**Required work**.
Word for word, copy all the data and drop the pictures.

━━━━━ Data shown ━━━━━

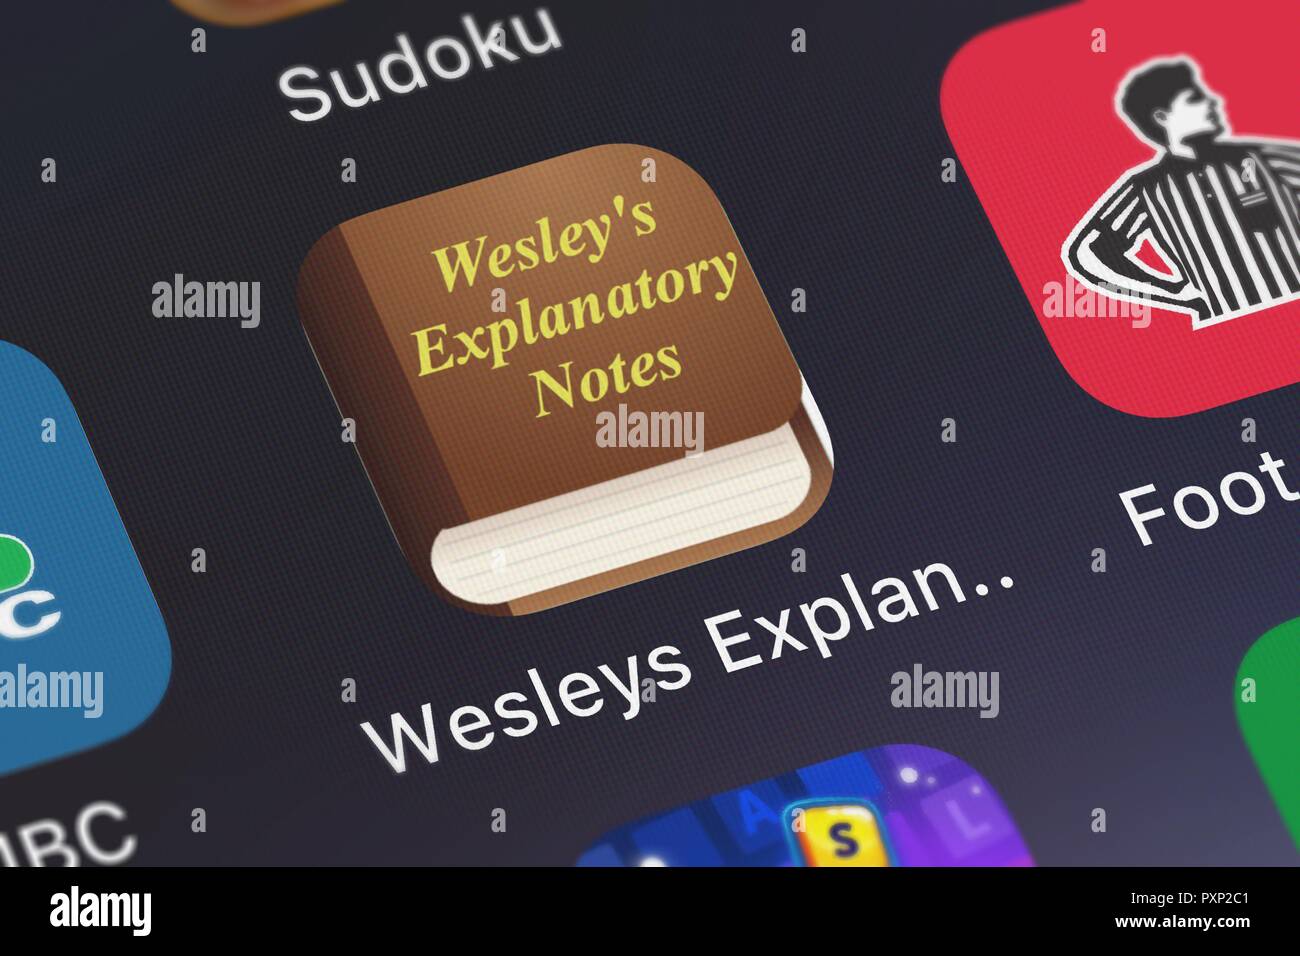 London, United Kingdom - October 23, 2018: The Wesley's Explanatory Notes with KJV Bible Verses mobile app from Oleg Shukalovich on an iPhone screen. Stock Photo
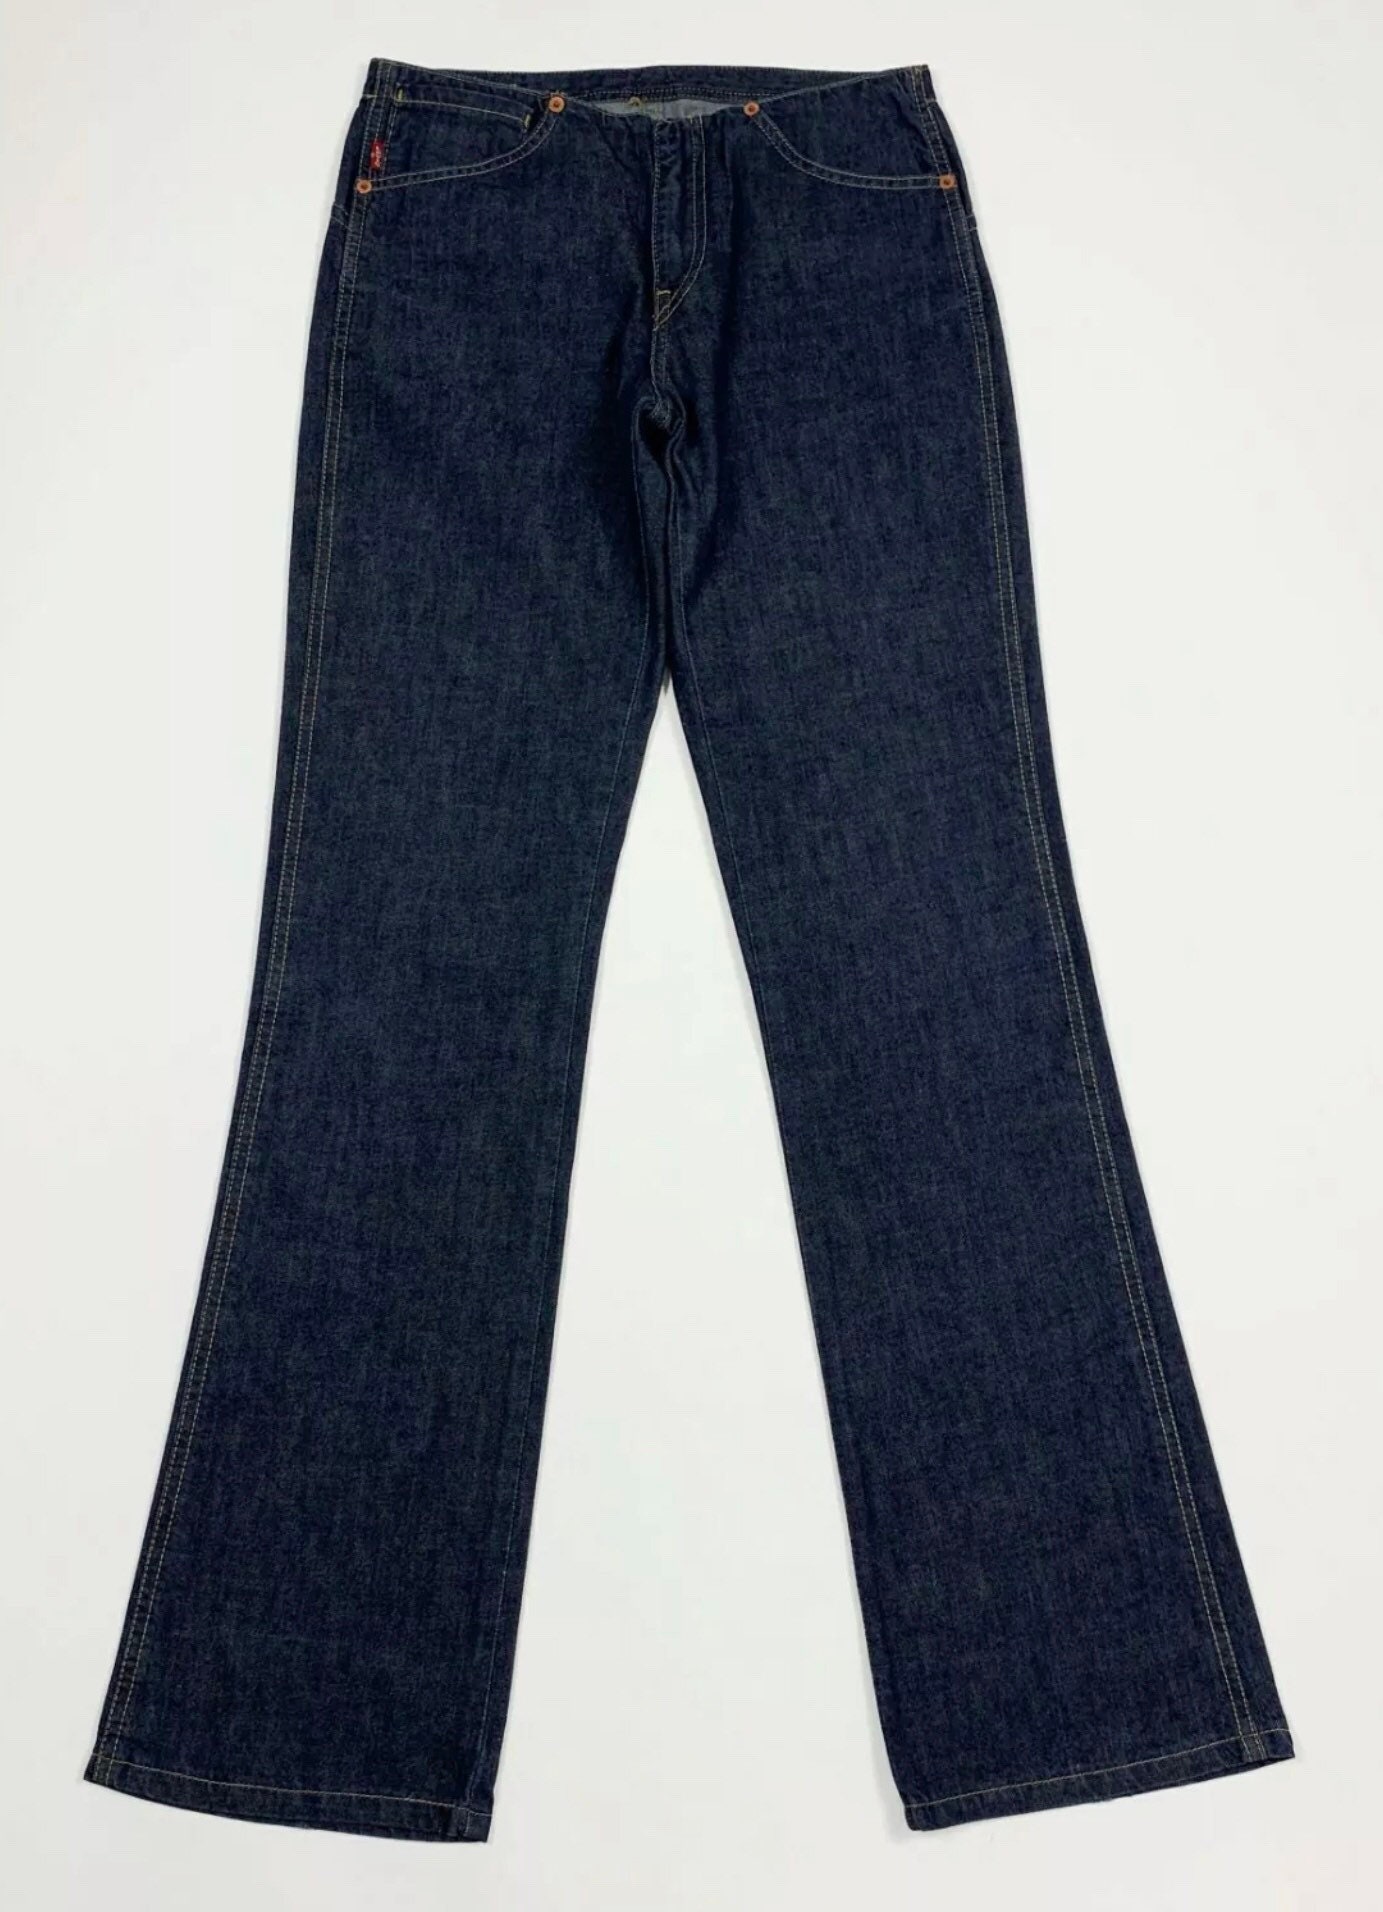 Levis 565 W28 L32 Tg 42 Jeans Woman Used Square Cut Bootcut - Etsy Ireland
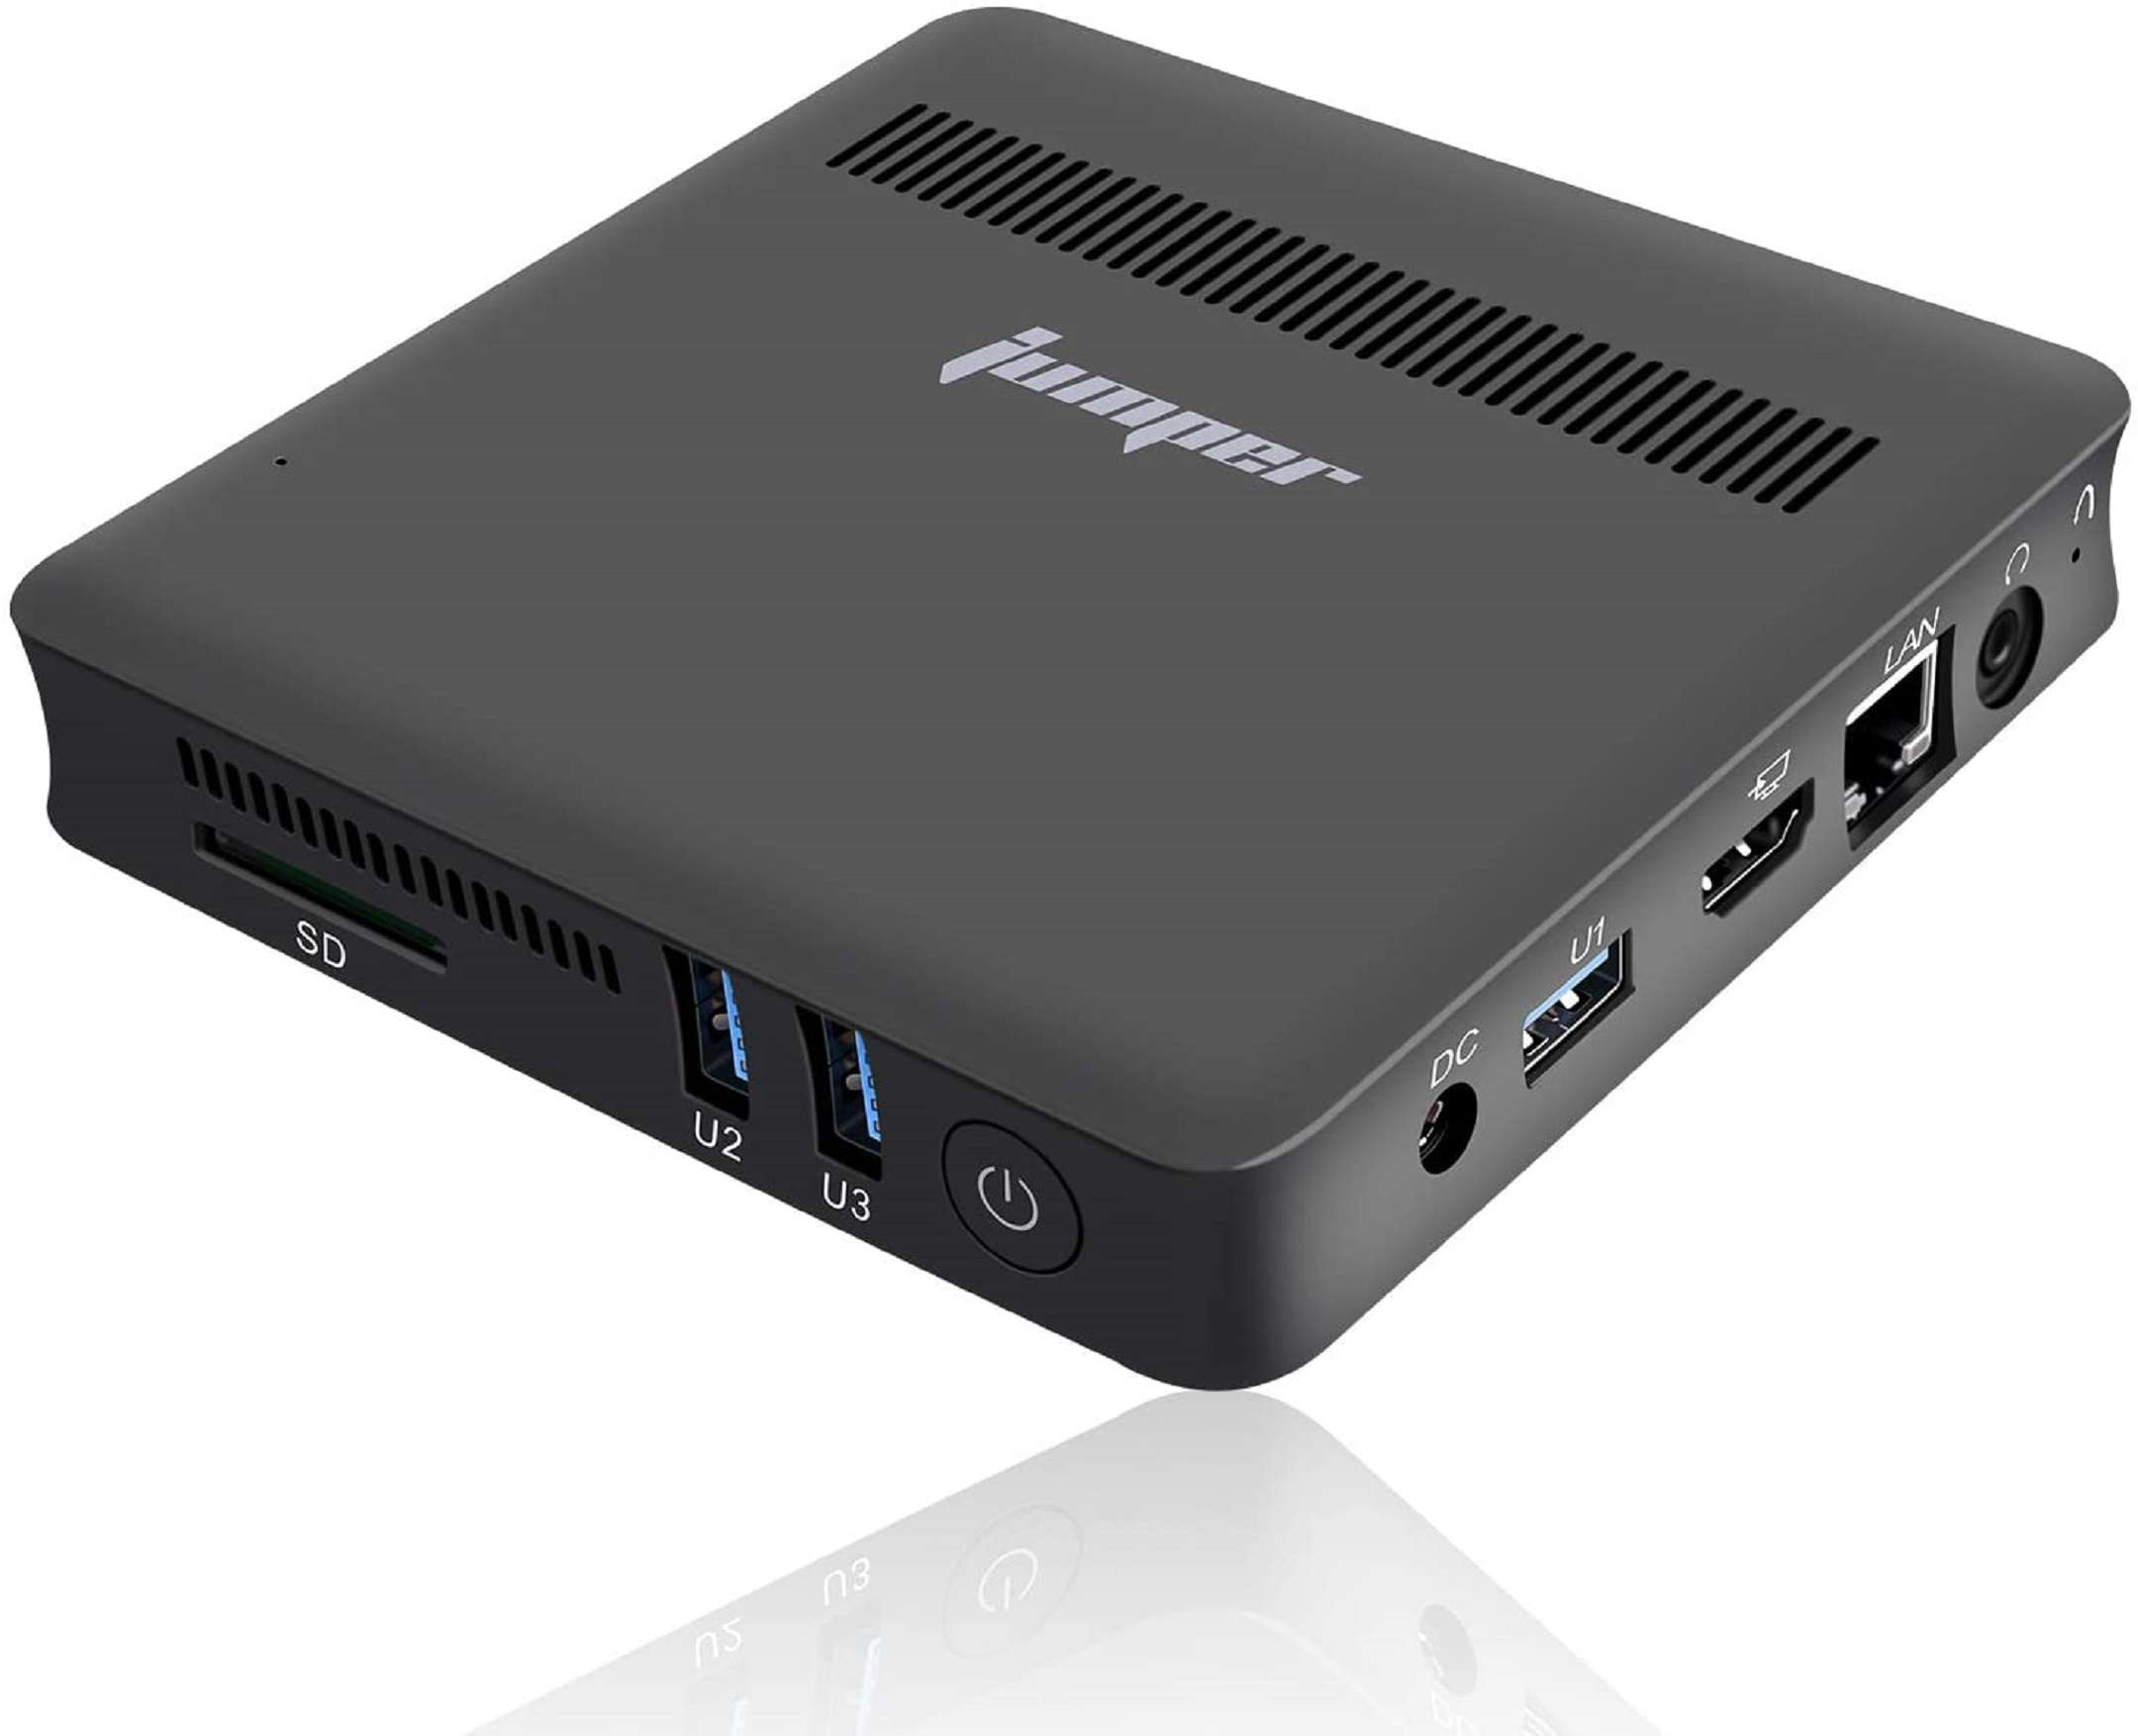 Mini PC Jumper for just over € 100 on Amazon

━━━━━

**Answer space**.
 London, United Kingdom - October 23, 2018: The Wesley's Explanatory Notes with KJV Bible Verses mobile app from Oleg Shukalovich on an iPhone screen. Stock Photo
 Levis 565 W28 L32 Tg 42 Jeans Woman Used Square Cut Bootcut - Etsy Ireland
 Mini PC Jumper for just over € 100 on Amazon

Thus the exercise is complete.